PerlMx marked 14 e-mails as spam. Two of these e-mails proved to be false positives - mail that was not spam. Impressively, it received 886 e-mails in the same period that Mail::Audit received 874 e-mails. I was unable to work out the exact cause of this, although the power-cut in the middle of the testing period will always be a major suspect. Eleven spam messages were incorrectly allowws through into my Inbox. PerlMx appeared to receive 23 pieces of spam mail in total.

The sample was small, as all I had was my own personal e-mail to work with, and I get what I'm told is surprisingly little spam, but it shows that Mail::Audit / SpamAssassin seems to decide more mail is spam than PerlMx does, but is also wrong more of the time. PerlMx marked slightly less e-mail as spam, and let more spam through, but when it did claim e-mail was spam it was right more of the time.

These tests would benefit significantly from being re-run during a long period of time on a larger mail-server, but I had neither the time nor the mail-server available.
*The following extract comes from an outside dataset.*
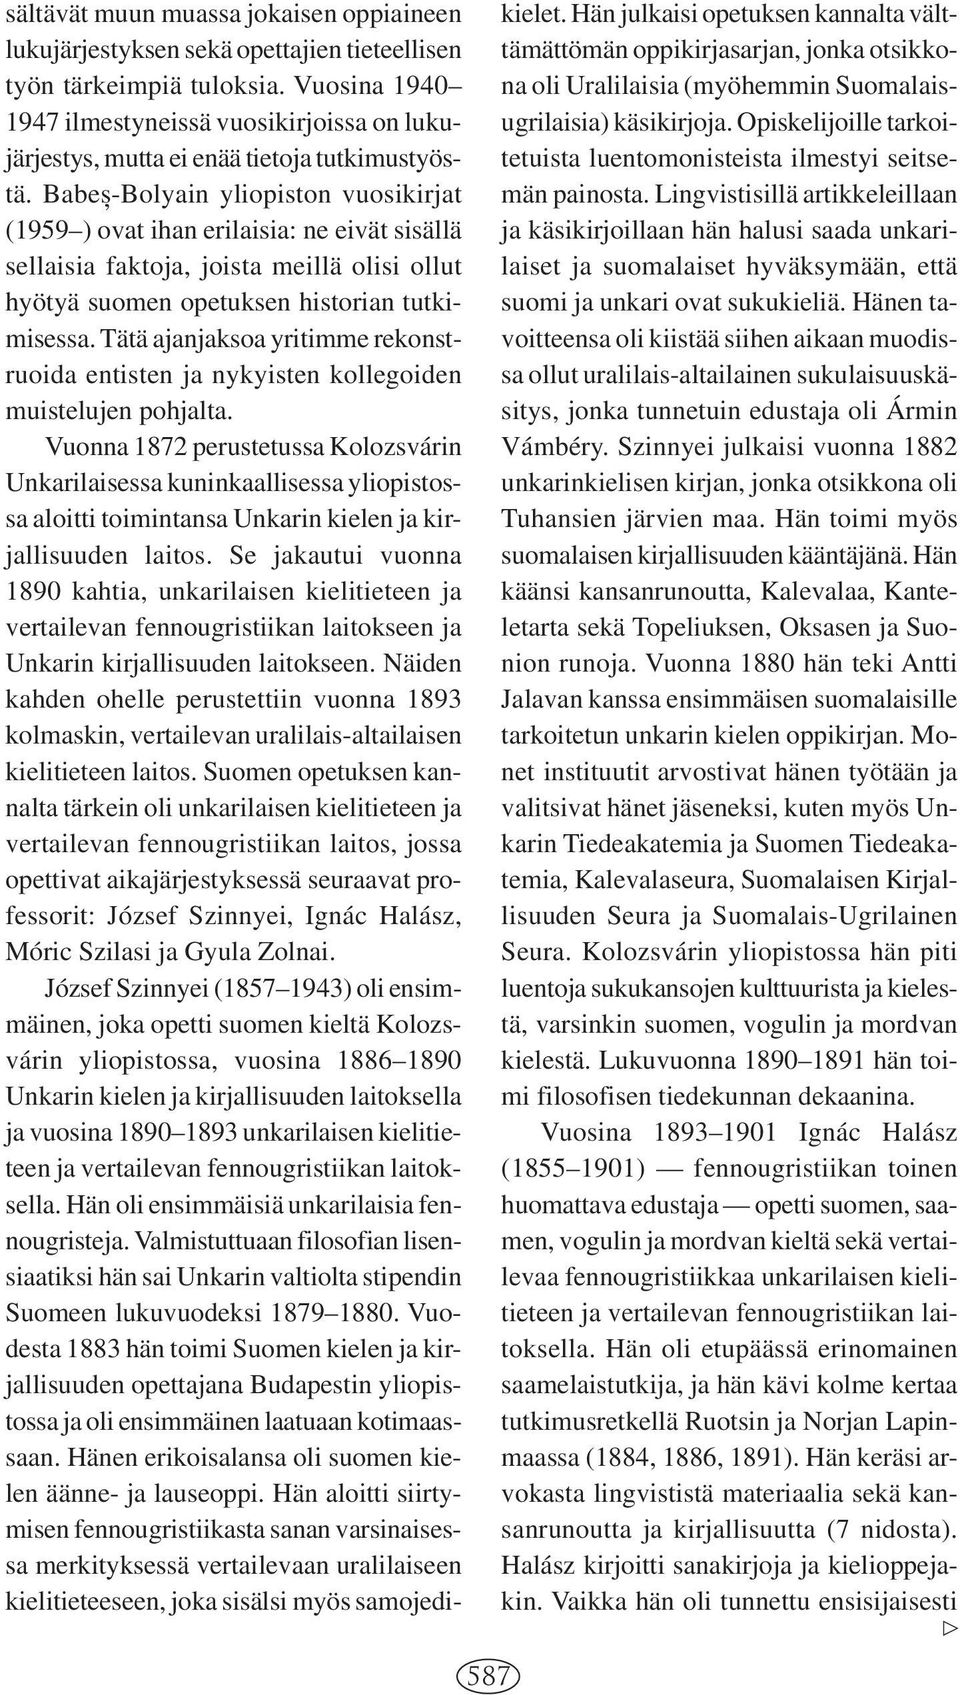 Babe,s-Bolyain yliopiston vuosikirjat (1959 ) ovat ihan erilaisia: ne eivät sisällä sellaisia faktoja, joista meillä olisi ollut hyötyä suomen opetuksen historian tutkimisessa.
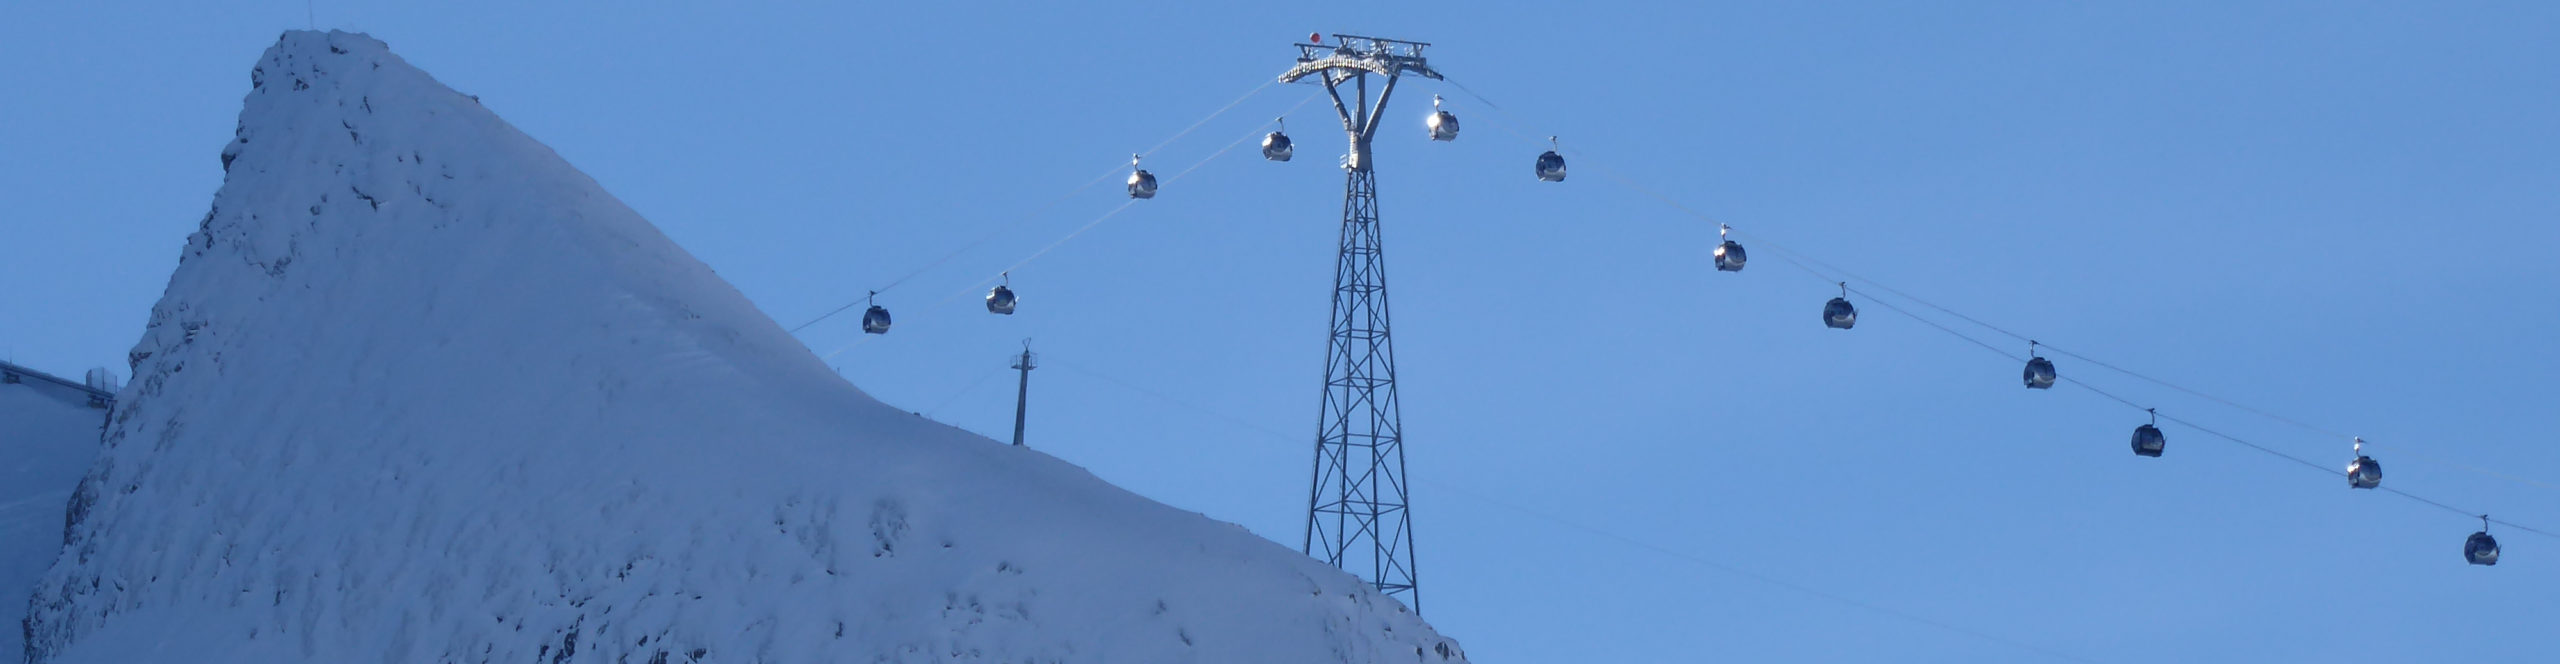 ZELL AM SEE – Kitzsteinhorn – Saalbach – verlängertes Skiwochenende in drei Skigebiete – 3 Skitage ab Donnerstag nachmittag

Both tools can be extensively configured in terms of what is considered spam, and are likely to need regular updating to ensure they keep up to date with new tricks of the spammers. Here I only considered the behavior with the default configuration of the latest release at the time I ran my tests.

Feature Comparison

To help you choose, I've summarized the basic characteristics of both systems below. Some of the points are quite subjective and are more my impressions of the tools rather than hard facts - these are marked separately.

PerlMX Mail::Audit
Scalable Yes - persistent server Maybe - depends on config - obvious default configurations scale poorly
Ships with wide range of existing filtering functionality Yes Limited range, more available from third-parties
Target use System-wide mail filtering for mailservers Per-use mail filtering as a replacement for programs like procmail
Extensible? Yes Yes
Licensing Commercial Open-source
Mail Server Compatibility Sendmail Almost any mail server
Spam filtering Yes Third-party extension
Virus filtering Yes No
Easy to setup Yes Not so easy, requires custom code
Efficient and Scalable Very scalable - easily separated from the mailserver, and no noticable performance impact during testing Performance problems during testing in default configuration

Conclusions

During testing, PerlMx was significantly more reliable, both in terms of the amount of mail bounced due to configuration problems (none), and in terms of the load put in the mailserver (minimal) than Mail::Audit. Although Mail::Audit appears able to be setup for good performance, the obvious suggested configuration showed extremely poor scalability during testing. Also, as Mail::Audit requires writing some filtering code, bugs, mostly in this code, resulted in nontrivial quantities of mail being bounced during testing due to code/configuration errors, a problem that simply didn't occur with PerlMx's more pre-supplied, configuration file based system.

Both PerlMx and Mail::Audit provide good mail filtering solutions using Perl, but are targeted at entirely different markets. PerlMx is a systemwide solution providing drop-in functionality on mailservers, with Perl extensibility as well, whereas Mail::Audit is a more low-level tool, mostly focused on use by individuals, designed to let users build their own mail processing tools more easily.